Technology

Email privacy legislation moving forward in House

The House Judiciary Committee will vote next month on email privacy legislation that has failed to move despite widespread support in recent years.

Committee Chairman Bob Goddlatte (R-Va.) on Wednesday said the legislation is necessary to update a 1986 law to explicitly require the government to obtain a warrant when it is seeking to access emails or other electronic communications. 

{mosads}“It’s clear that the law needs to be modernized and updated to ensure it keeps pace with ever-changing technologies so that we protect Americans’ constitutional rights and provide law enforcement with the tools they need for criminal investigations in the digital age,” he said in a statement. 

Advocates for reform have become impatient in Congress. The announced vote came after Rep. Suzan DelBene (D-Wash.) had earlier in the day wanted to add the privacy bill as an amendment to a separate vote in the committee. However, the vote was delayed. 

The Email Privacy Act is aimed at closing a loophole in the 1986 Electronic Communications Privacy Act (ECPA) that lets the government use a subpoena, rather than a warrant, to force companies such as Google and other service providers to hand over customers’ electronic communications if they are more than 180 days old.

The bill is supported by a super-majority of the House, with 308 cosponsors. It garnered 272 cosponsors in the last Congress but still failed to get a committee markup.

“With 308 of my colleagues – a majority of both Republicans and Democrats – and a majority of the Judiciary Committee in support of the bill, the markup should be brief and the bill should swiftly move to the House floor for passage,” said Rep. Kevin Yoder (R-Kan.), one of the primary sponsors of the bill. 

The Senate Judiciary Committee held a hearing on a similar bill last year, but it has not received a committee vote.

Reform has been a big priority for major technology companies and privacy advocates for the past few years. However, the Justice Department and some civil enforcement agencies have opposed the legislation in its current form, asking for carve-outs. 

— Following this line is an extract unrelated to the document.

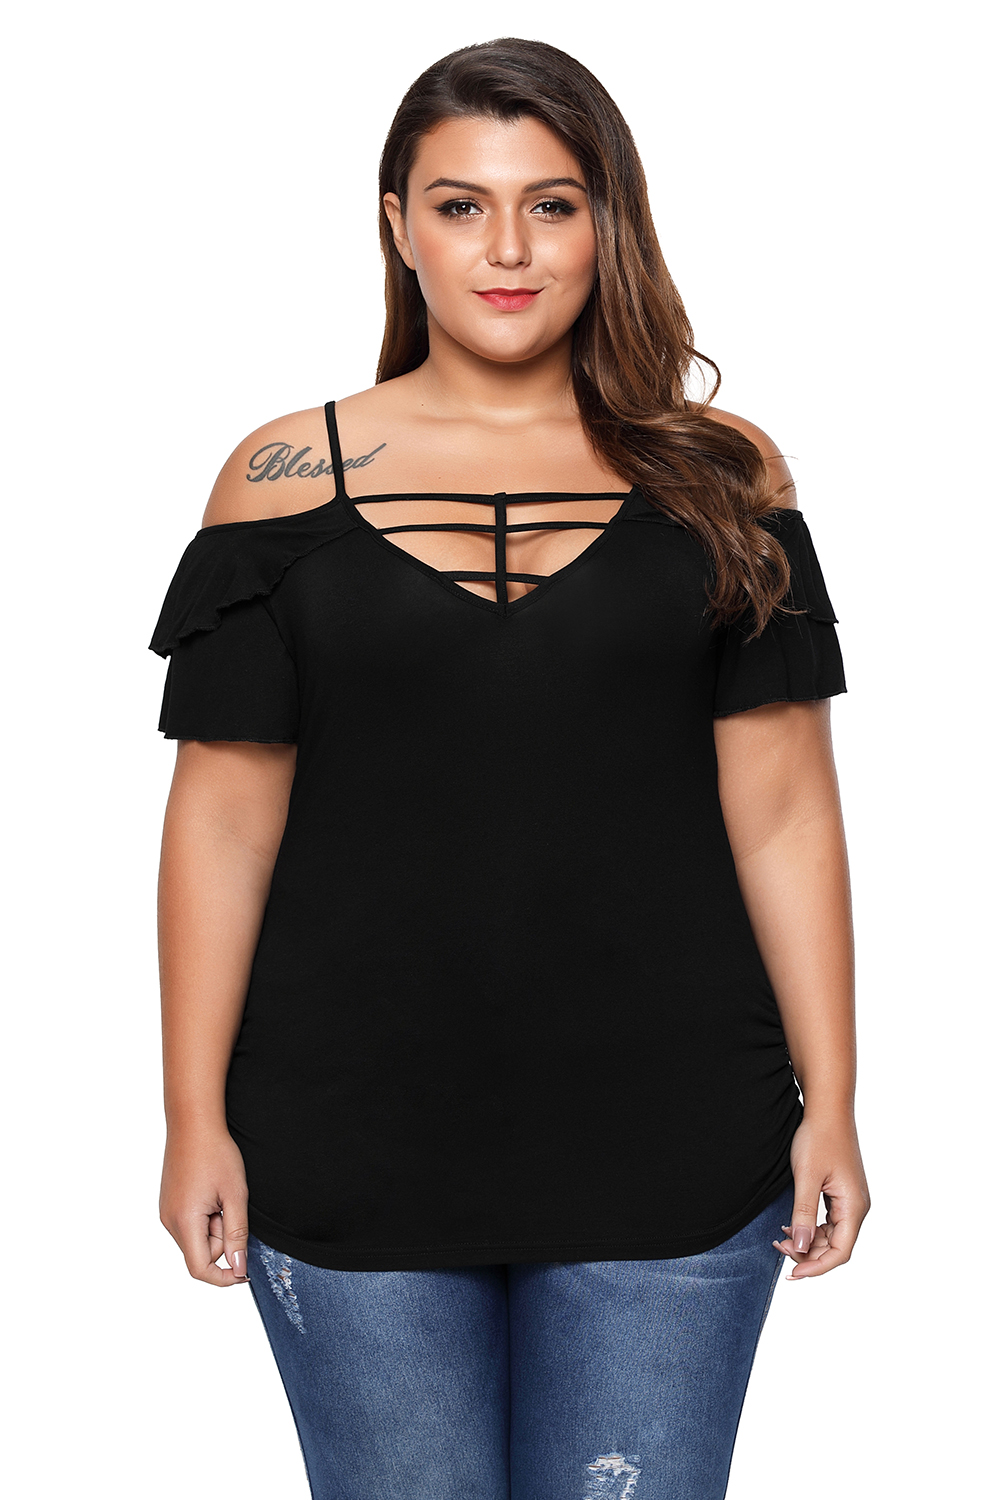 Babydoll Tops Plus Size
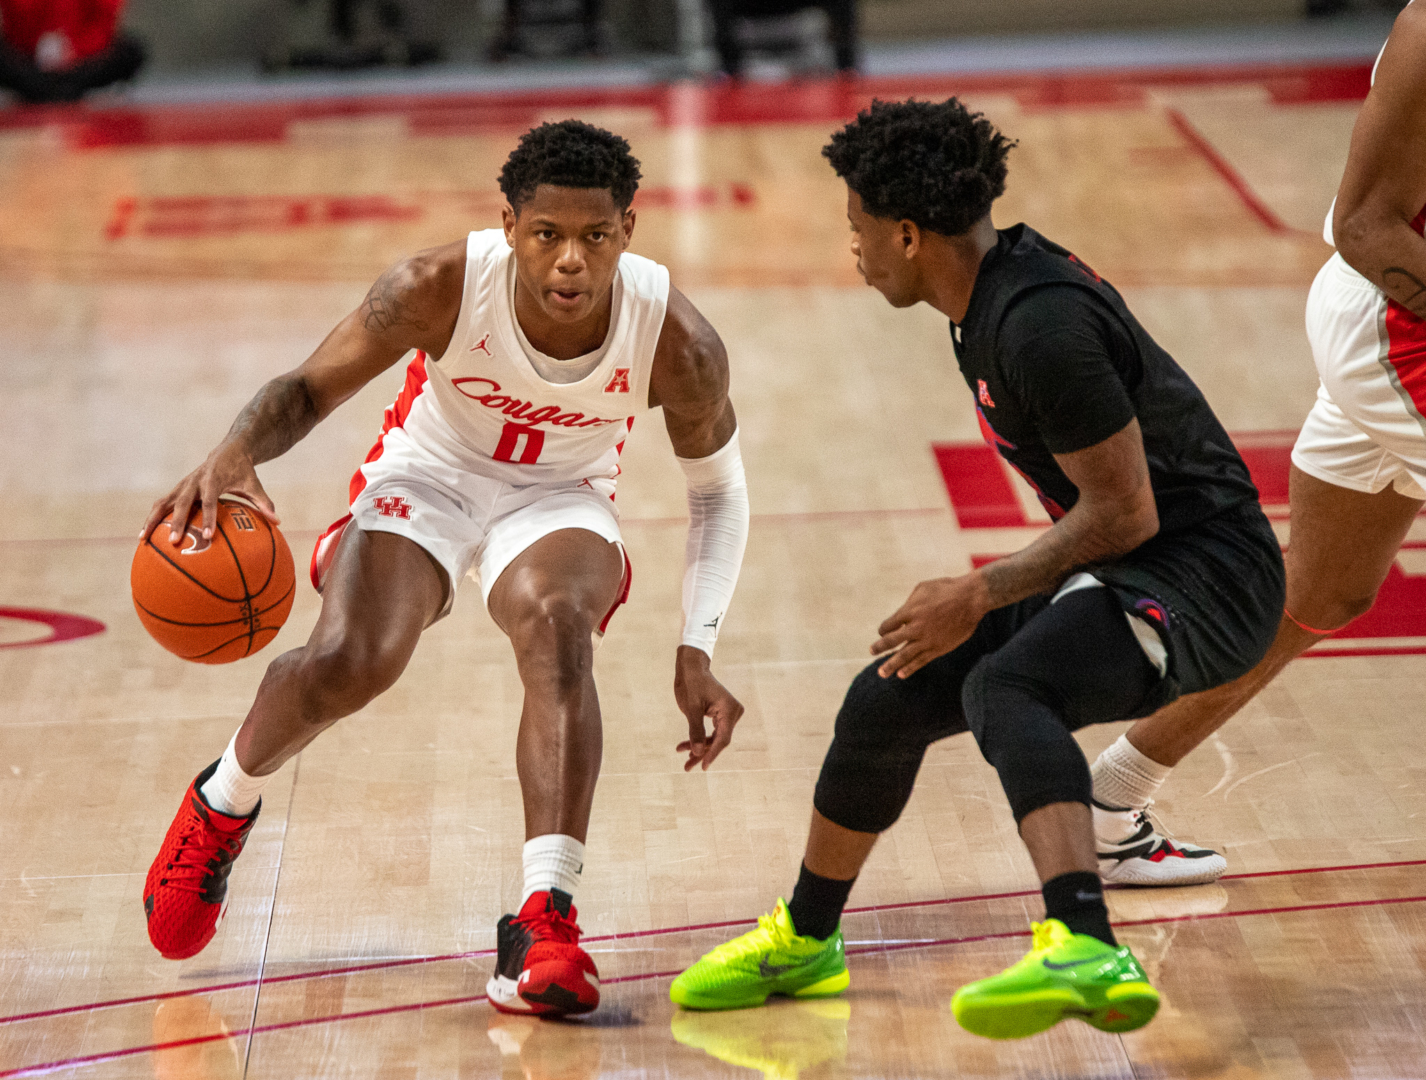 UH men’s basketball adds weekend game to schedule - The Cougar

Goodlatte has been sympathetic to those arguments, and has also endorsed changes to the bill that would strengthen a provision to make sure law enforcement can obtain the data during emergency situations. 

Despite the push for reform, federal agencies have not used the ECPA loophole in years, because of a 2010 court case that put the constitutionality of the provision into doubt.

— This post has been corrected. The Senate Judiciary Committee has not approved the bill. An earlier version contained incorrect information.